As a data professional, I have some fun with data in my life. I like numbers, and I like tracking things. I've written posts about my year in numbers, and recently noted the states I've visited. Like many of you, I've sometimes used this data to practice a skill, maybe learn to ETL or query data. One of the classic applications that was popular when I was a young professional was a catalog of CDs. I never did that, but I have captured other numbers.
I do a lot of traveling, both for work and fun. This year (2023) has been a little crazy, and I wondered if it were really that bad. I decided to use Power BI to do a little analysis of my data and show I built a report that I can use to compare how my life is going. I was inspired by Tjay Belt, who has done some presentations on how he's analyzed data about his life. He's also inspired me to use Daylio this past year, and I'll be adding that data once I export it and add it to my system.

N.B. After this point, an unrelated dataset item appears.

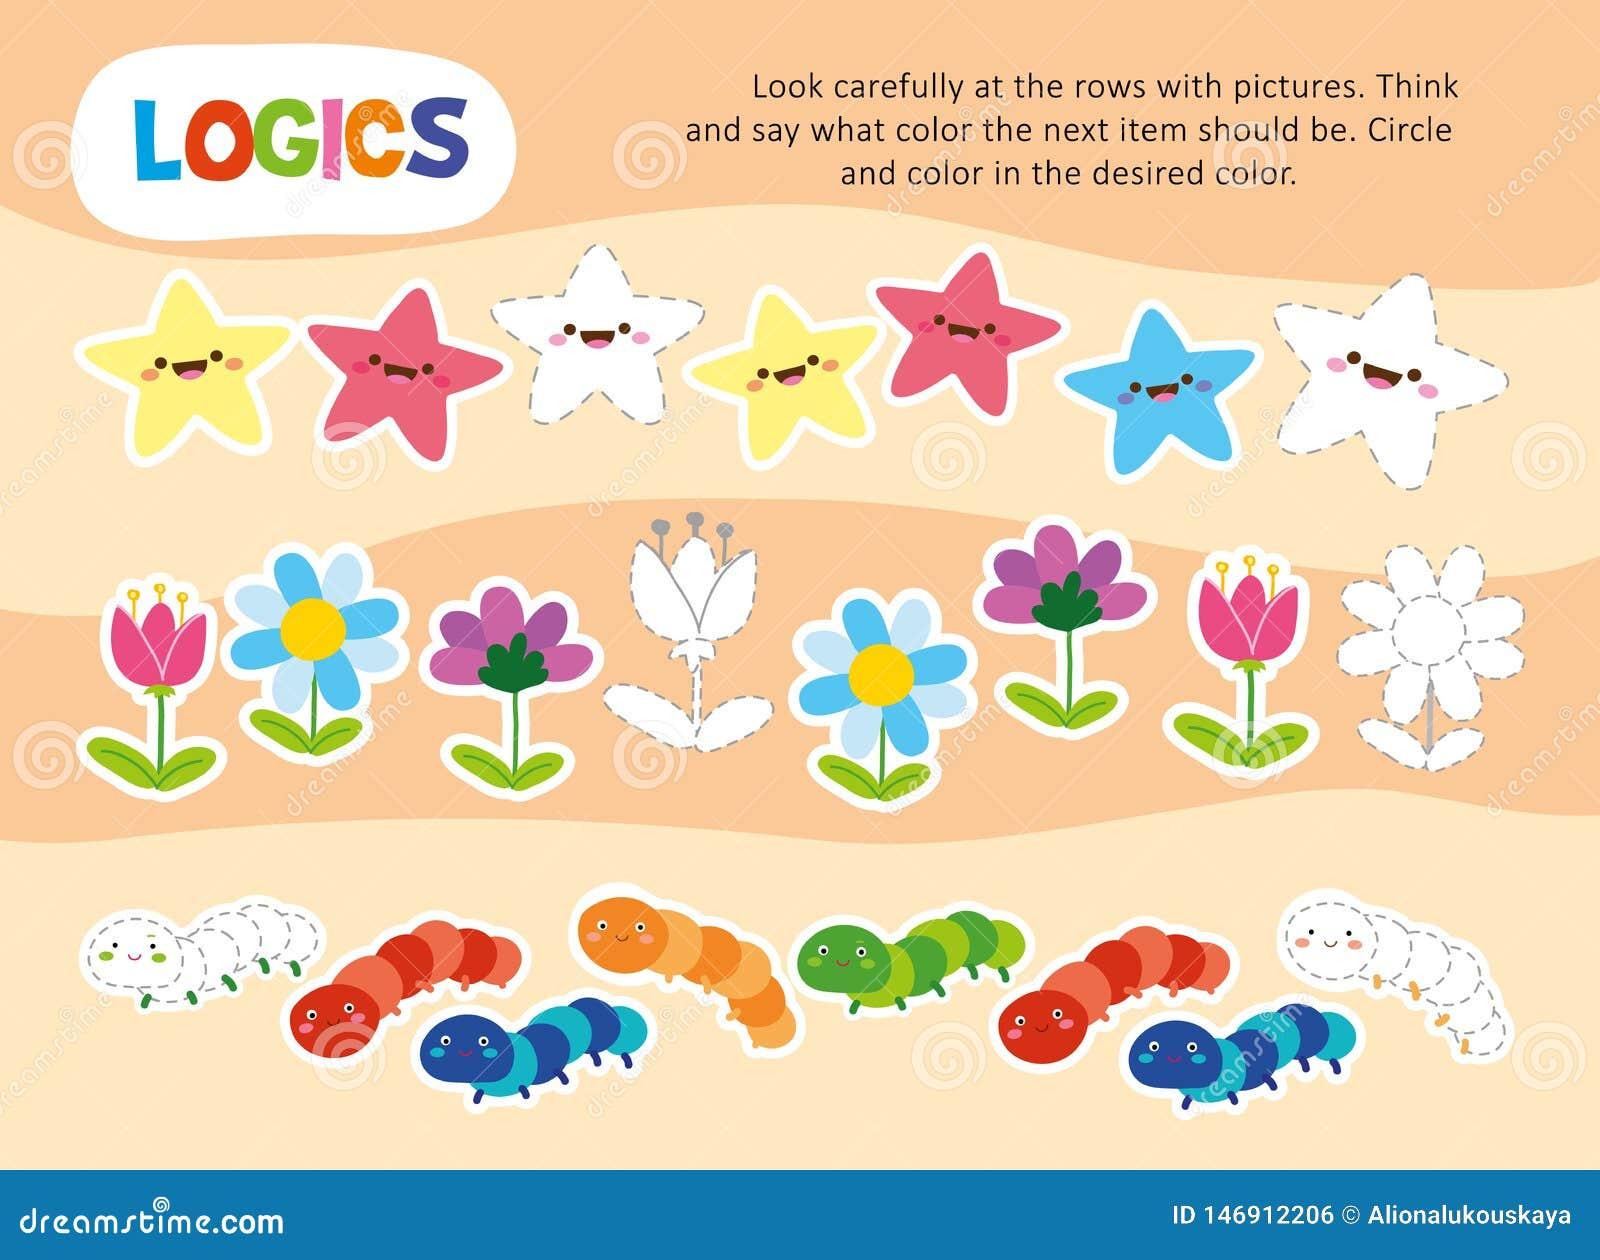 Logic Color Chain Kid Game Printable Worksheet Stock ...

This post looks at how I built a Power BI report and then a little data analysis about my travels.
Data Gathering
I've used a few different processes to grab data about my travels. I have a lot of travel data from United, which I've downloaded and put in a database. I've also tracked my speaking sessions, and those are there as well. However, I knew that wasn't all. I have taken flights on other airlines, so I combined some data extracts from different systems as well as some manual entry. I took some downtime from work when I needed a break or was waiting for meetings to start, and spent a few minutes on the weekend with a cup of coffee cleaning up trips. I've gotten from late 2017 to the present entered.

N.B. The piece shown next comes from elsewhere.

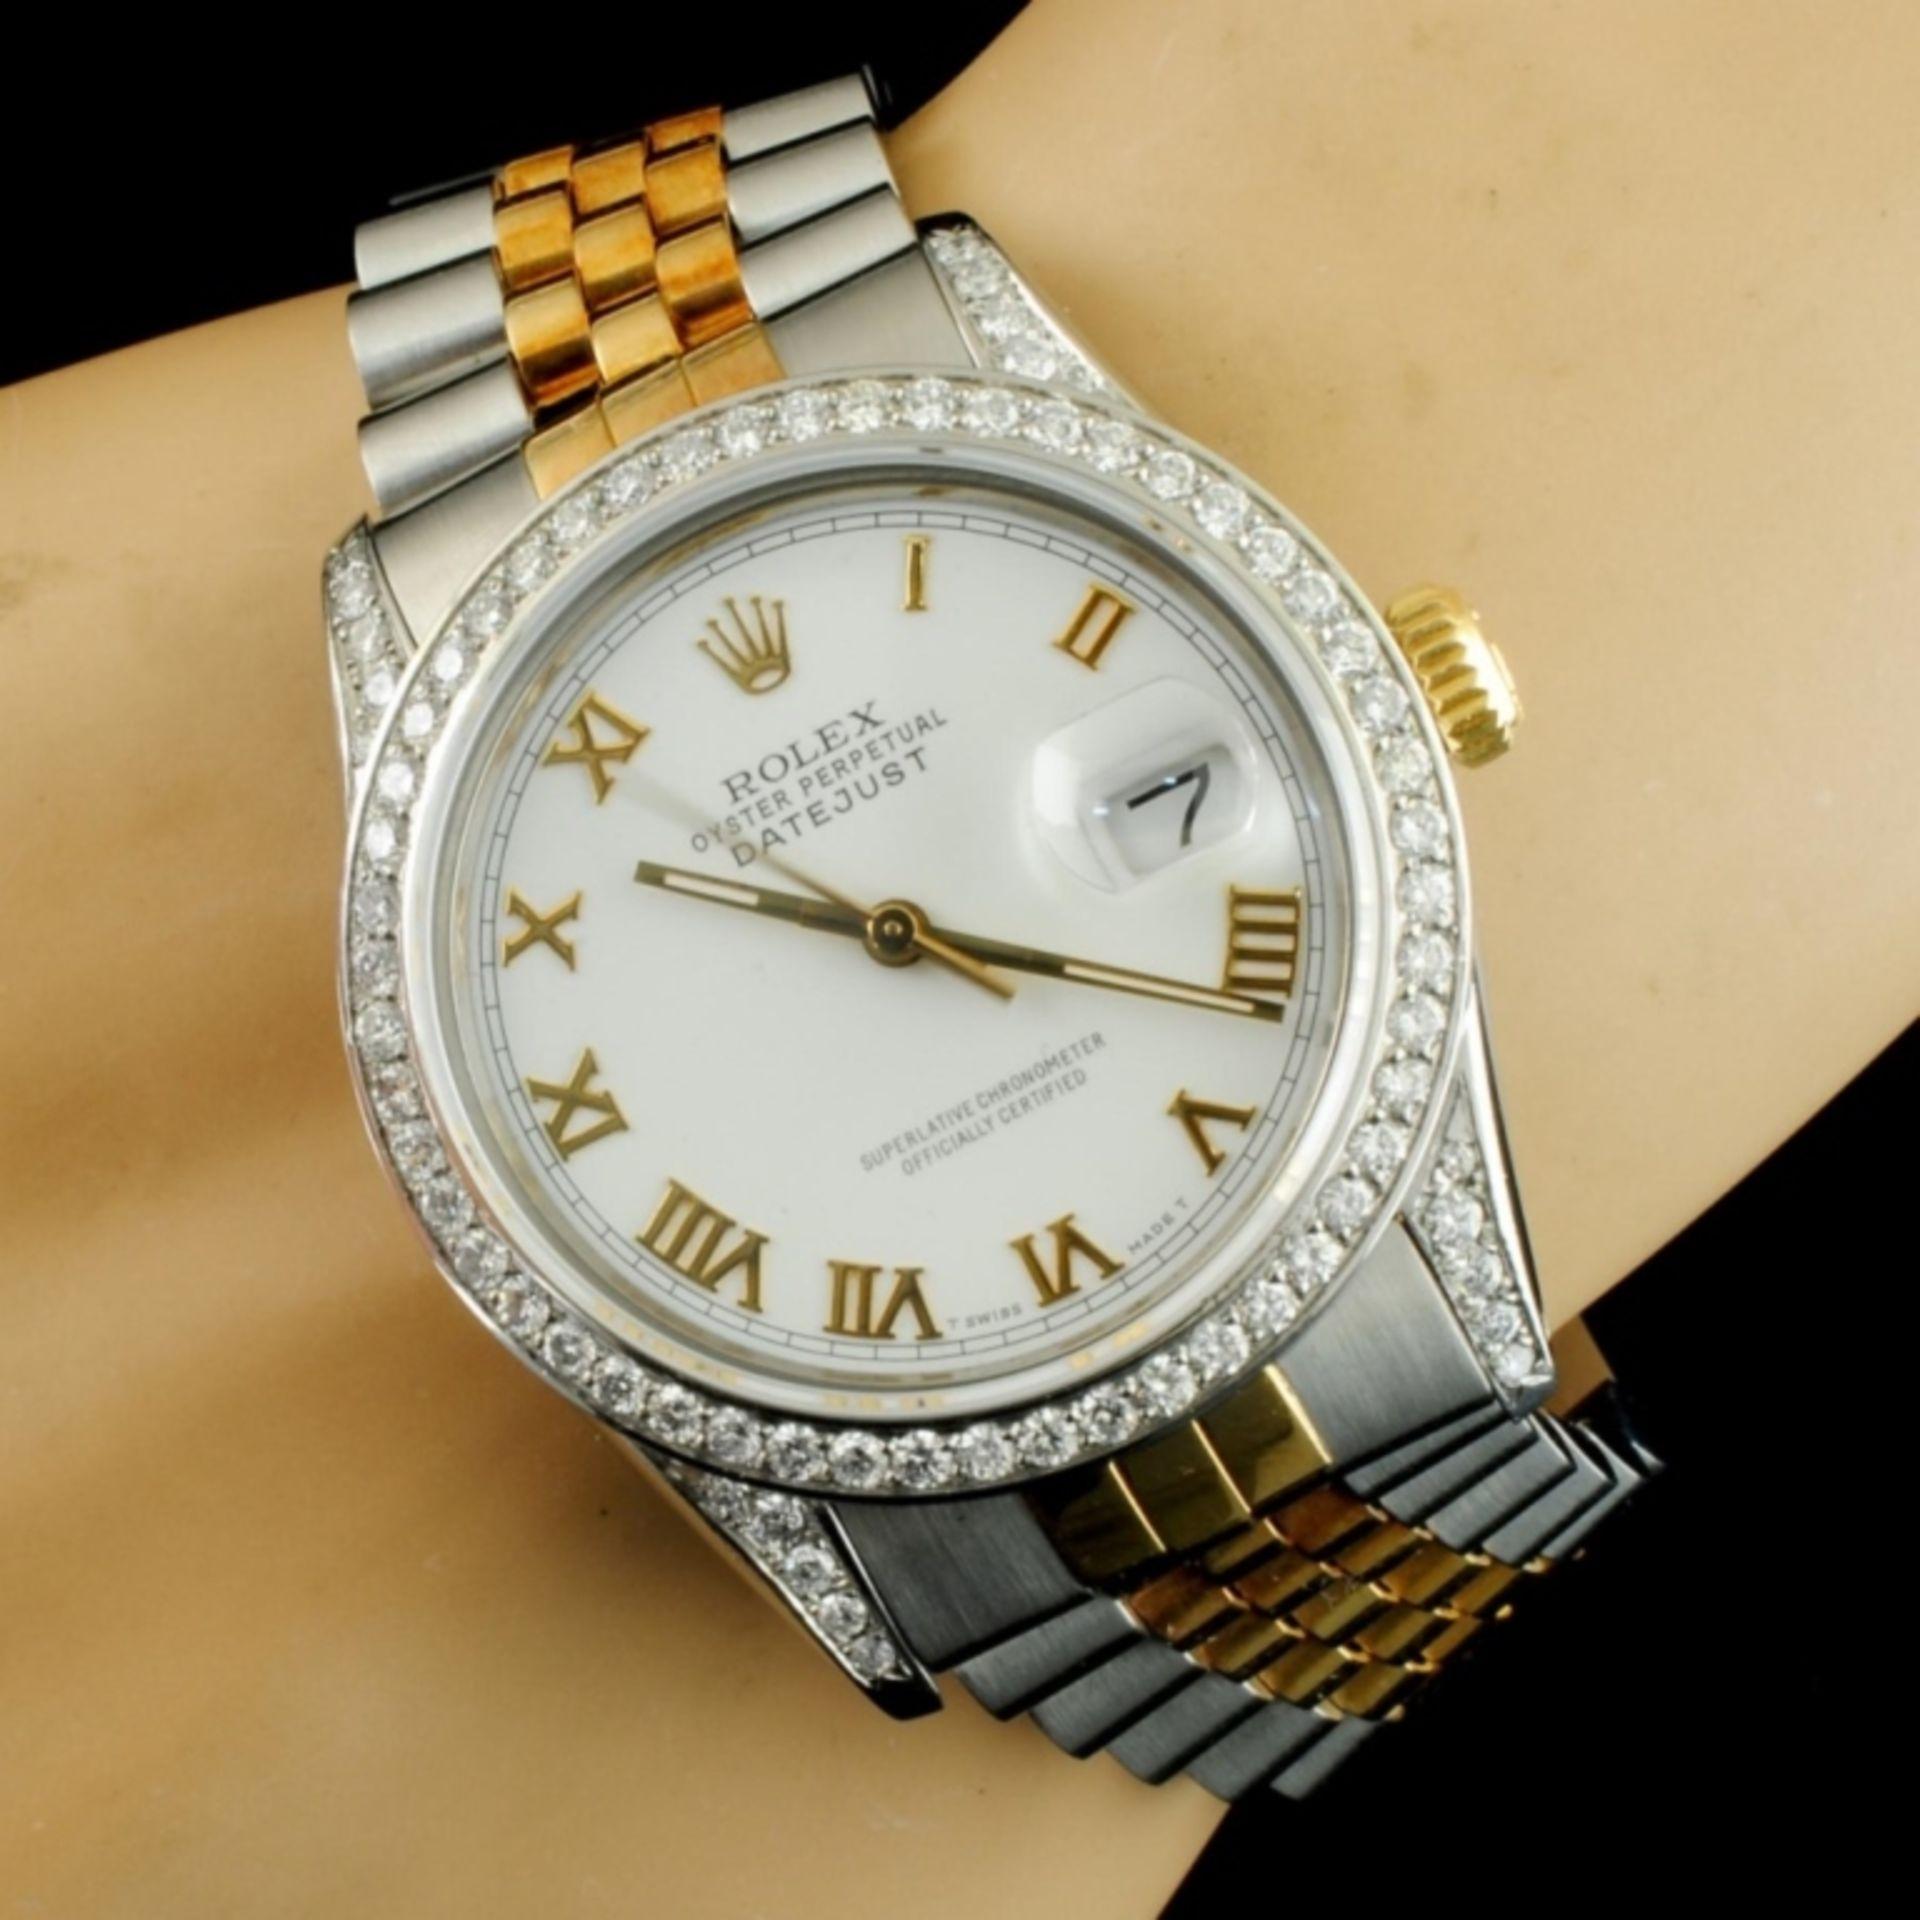 Rolex DateJust 1.50ctw Diamond 36MM Wristwatch - Image 4 of 5

In general, I used these sources for my data:
- United Airlines flight activity - You can download from your profile
- Southwest Activity - searched GMail for confirms
- Frontier Activity - searched Gmail for confirm
- My speaking CV - It's in text here, but I have a spreadsheet of the entries
- Google Timeline - I filled in some gaps here
This gave me a number of trips, however, this didn't give me the times I was at home. Fortunately, I had a quick query that would fix this. I put this on my blog. Essentially I needed to fill calendar gaps with dates at home. I loaded my trips and then filled the spaces with time at home.

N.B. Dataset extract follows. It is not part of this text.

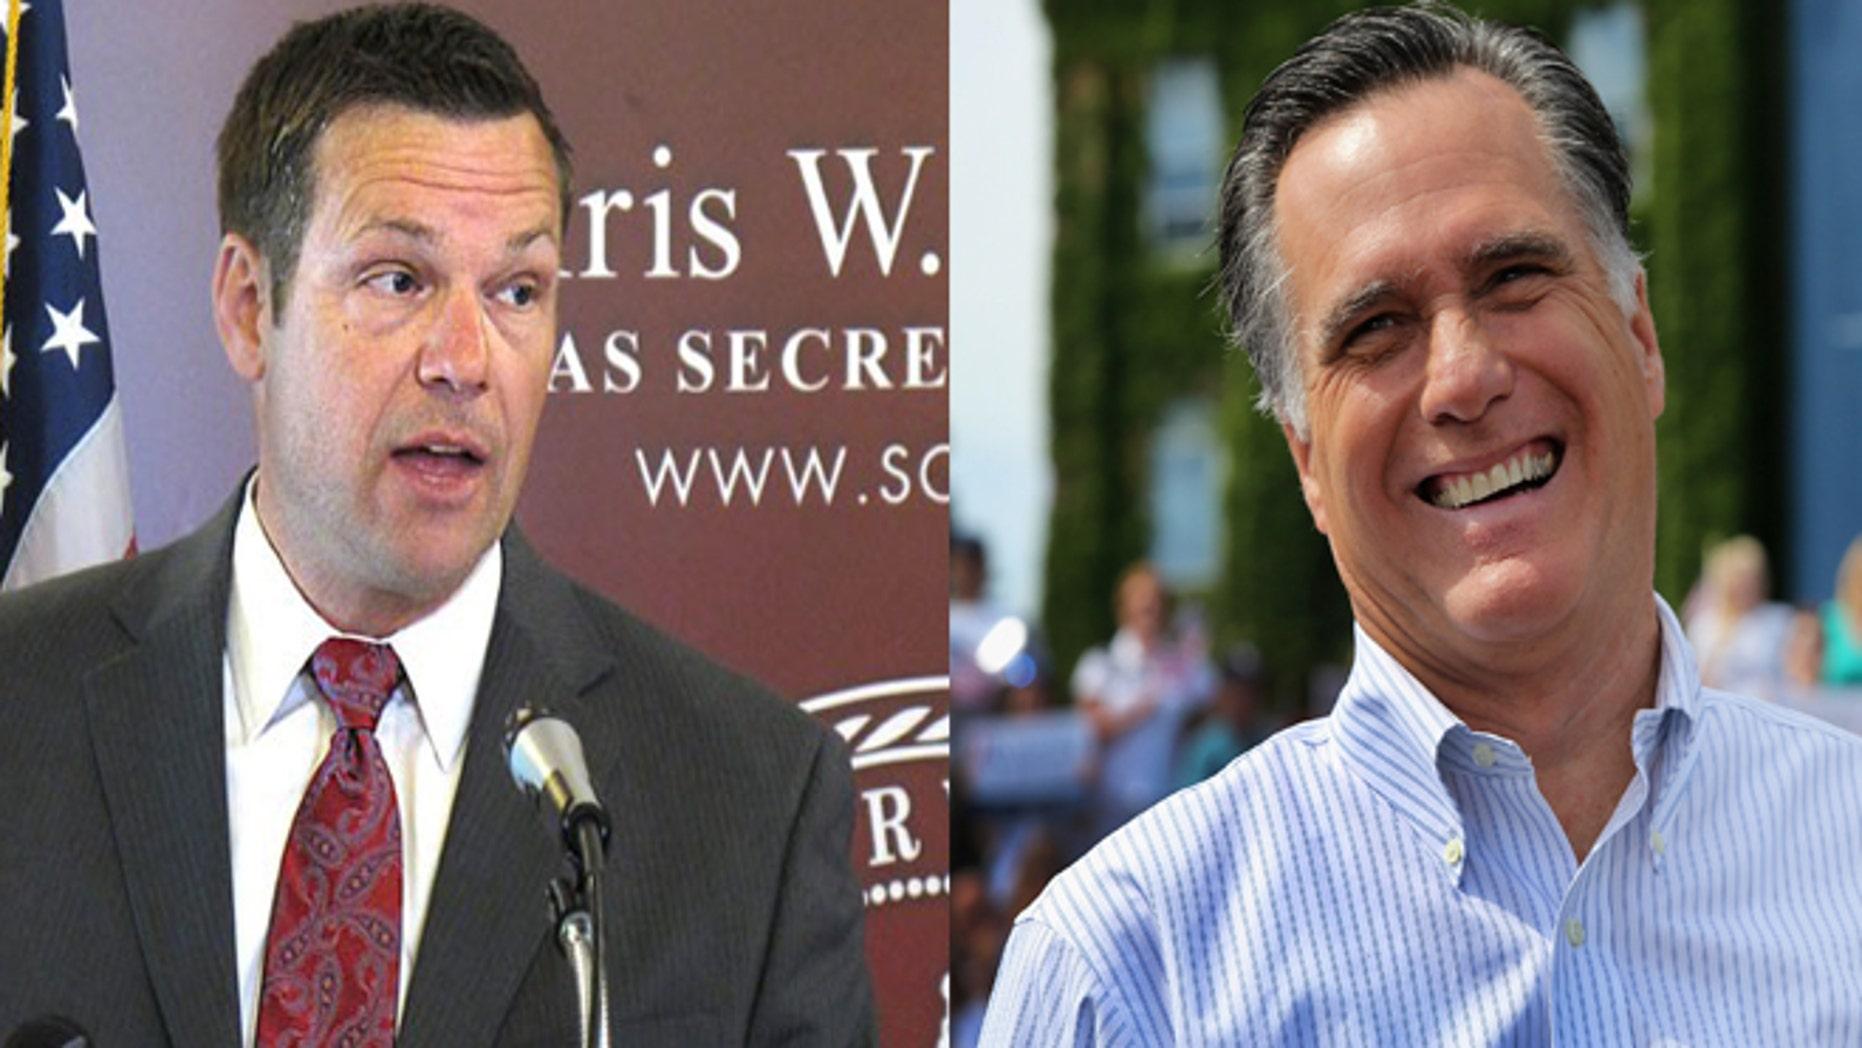 Kansas Secretary of State Kris Kobach, left; presumptive GOP presidential nominee Mitt Romney, right

A note on data quality: I hope this is accurate, but I accept there might be problems. Fortunately, I can fix these over time when I find them.
The data model I chose was simple here. I wanted to track where I was on a date when I was away from home. Since I can be at home in the morning and in another place at night, or vice versa, I decided to track those days as away from home. This consistently tells me when I've been gone for some type of event.
I also categorized the type of trip. For me, this was one of a few choices: work, home, volleyball, horses, vacation. These are the types of travel I have for now. The reasons aren't denormalized because this is a reporting system, and ultimately I don't worry about load or concurrency if I need to update a bunch of rows. If this were something where lots of people were entering data, I'd put this in a separate table, but probably include this in PowerBI in the same table.
I didn't include a date table because my main fact table has all relevant dates.
Loading the data into Power BI
I first exported all data to an Excel sheet. I'd loaded it into a database to add the home times, but for working with Power BI, I like it in an XLS. I can easily update the XLS and then update Power BI. Since I'm not always in a place where I can access the database, I didn't want to directly query from Power BI. I've written in the past how you can link Power BI to Google Sheets, and I might do that at some point since friends and family might like to see this data.
Opening a new Power BI Desktop report, I clicked Get Data and then selected my XLS. From there, I loaded the entire single sheet into Power BI. I had preset the columns in my XLS and Power BI detected the first row were the column headers. This gave me a data set that looked like this:
I added one column to this. I did this later, but since I'm writing about the data, I'll include this year. I wanted to have a map of my travels. The map visual works well with names, but sometimes has issues. In my case, when looking at the results, I noticed a point in Australia at some years when I knew I hadn't been there. It turns out that there is a Keystone, Australia, which takes precedence over Keystone, CO. To clean this up, I added this formula for a new computed column to my dataset:
Location = CONCATENATE([City], CONCATENATE(", " , CONCATENATE(Travels[Province] , CONCATENATE("," , Travels[Country]))))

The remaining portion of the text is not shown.